Rates of death involving coronavirus among people working in social care continue to be significantly higher than those for the wider working population, according to new figures.
The Office for National Statistics (ONS) said 7,961 deaths involving coronavirus in the working age population – those aged 20 to 64 years – were registered between March 9 and December 28 2020.
A total of 469 COVID-19 deaths among social care staff were registered, with rates of 79.0 deaths per 100,000 males and 35.9 deaths per 100,000 females.
In this group, ‘care workers and home carers’ – defined by the ONS as those working on the frontline in residential, day care and domiciliary care settings – accounted for 74% (347) of the deaths, with 109.9 deaths per 100,000 males (107 deaths) and 47.1 deaths per 100,000 females (240 deaths).

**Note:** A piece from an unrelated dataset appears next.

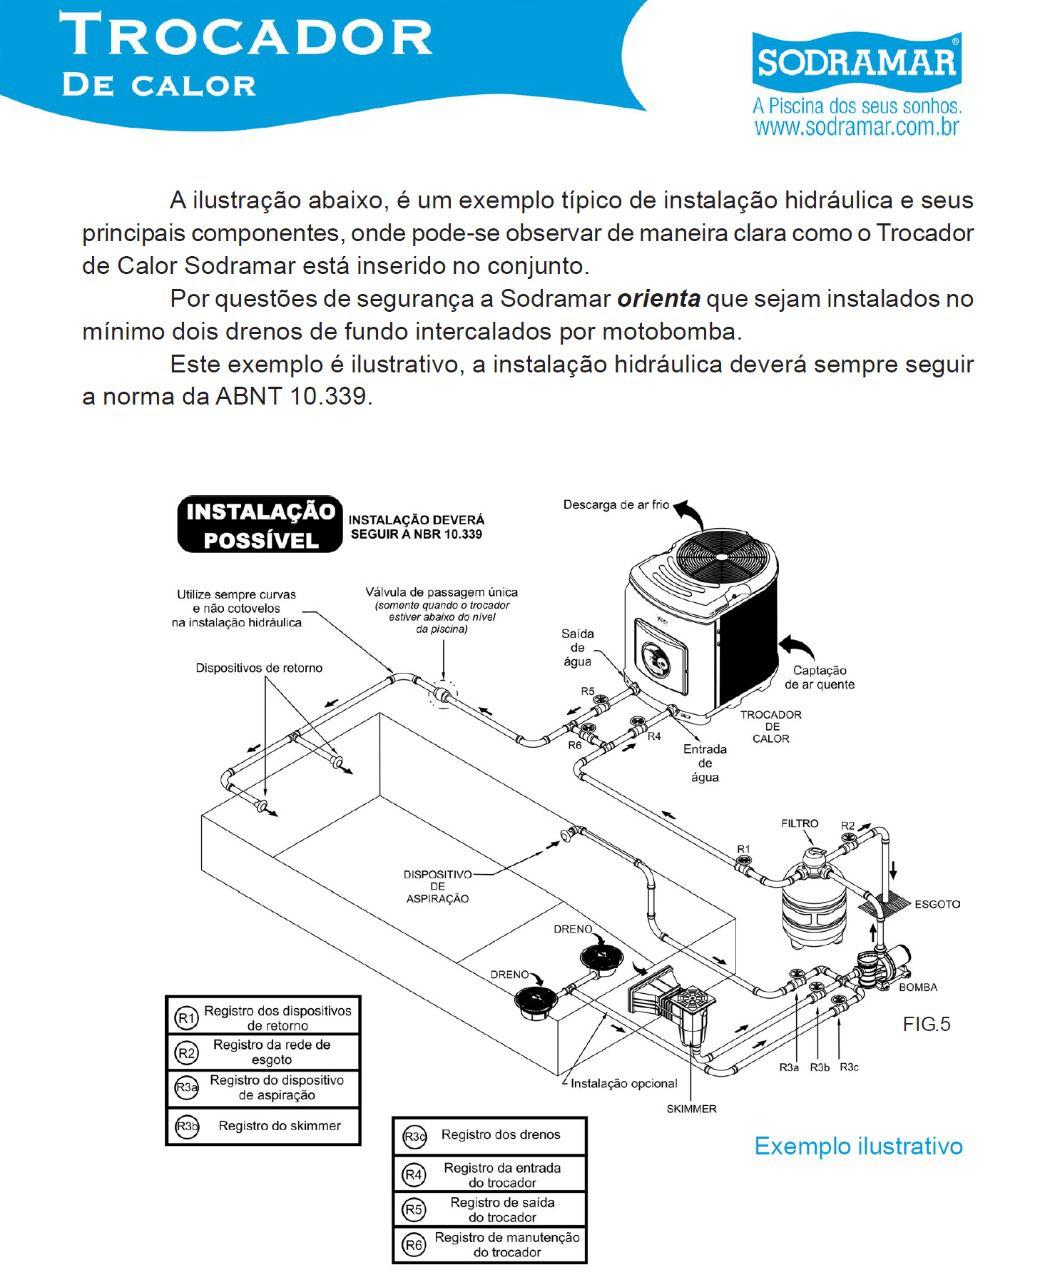 Aquecedor de piscina Sodramar Yes - Trocador de Calor Sd-130 Trif 380V

Commenting on the latest statistics, ONS head of health analysis and life events Ben Humberstone said: “Today’s analysis shows that jobs with regular exposure to COVID-19 and those working in close proximity to others continue to have higher COVID-19 death rates when compared with the rest of the working age population.”

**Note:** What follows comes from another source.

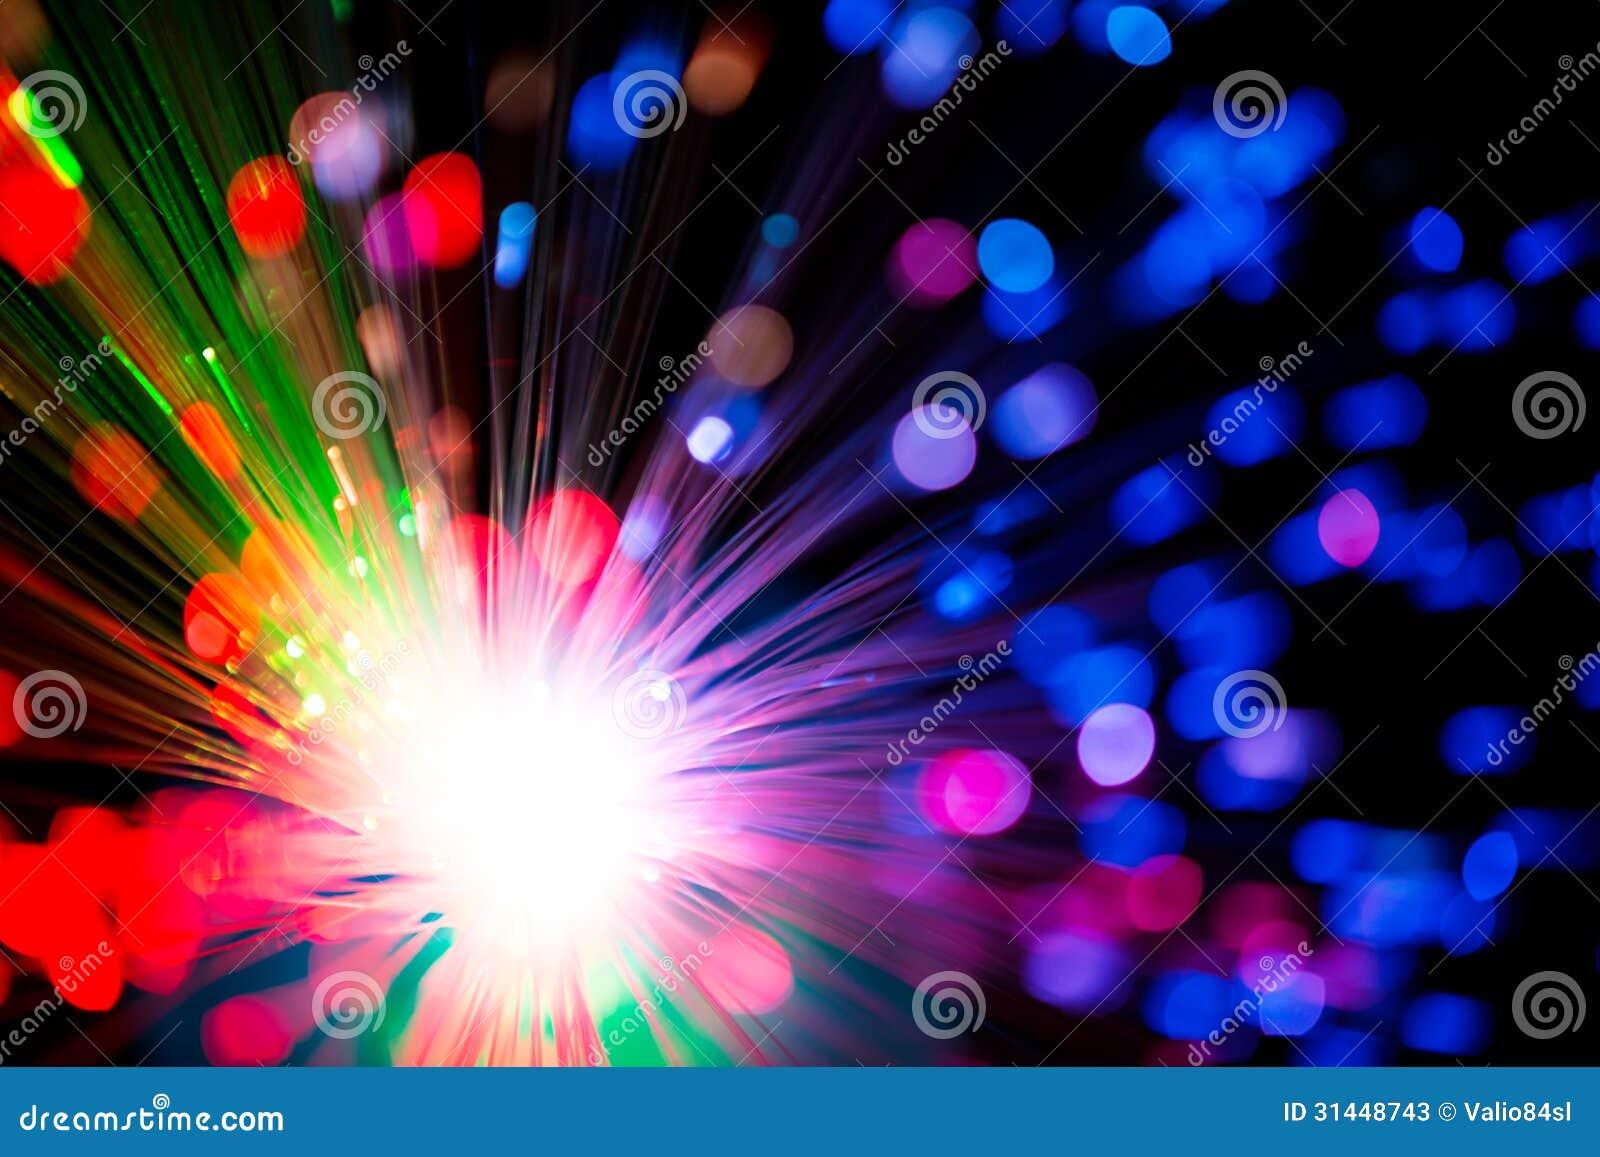 201 clairage de fibre optique multicolore photos stock image 31448743

The figures do not prove that rates of death are caused directly by differences in employment, however.
Humberstone added: “As the pandemic has progressed, we have learnt more about the disease and the communities it impacts most. There are a complex combination of factors that influence the risk of death; from your age and your ethnicity, where you live and who you live with, to pre-existing health conditions. Our findings do not prove that the rates of death involving COVID-19 are caused by differences in occupational exposure.”
Overall, nearly two-thirds of the 7,961 registered deaths were among men (5,128 deaths).
When looking at a broad range of occupations, men who worked in elementary occupations, including security guards and taxi drivers, (699 deaths), or caring, leisure and other service occupations (258 deaths) had the highest rates of death involving COVID-19, with 66.3 and 64.1 deaths per 100,000 males, respectively.
In women, process, plant and machine operatives (57 deaths) and caring, leisure and other service occupations (460 deaths) had the highest rates of death involving COVID-19, with 33.7 and 27.3 deaths per 100,000 females, respectively.
Dan Shears, director of health, safety and environment at trade union GMB, said: “The deaths of eight thousand working age people is a devastating and bitter milestone that could have been avoided.
“The truth is that the UK was too slow to respond to the outbreak in workplaces. The messages from Ministers have been inconsistent, and to date there have been no prosecutions of employers for breaches of regulations relating to coronavirus.”
GMB has previously written to Matt Hancock to demand all NHS and social care workers are given access to full PPE to prevent “thousands more” unnecessary deaths.
Shears added: “Workers are still being forced to use inadequate PPE, and some people are attending work despite being infectious because they cannot afford to self-isolate. These are structural problems that could have been fixed months ago.
“The time for action is now – Ministers and employers must urgently convene with workers’ representatives to address the ongoing and needless risks in workplaces before more lives are lost.”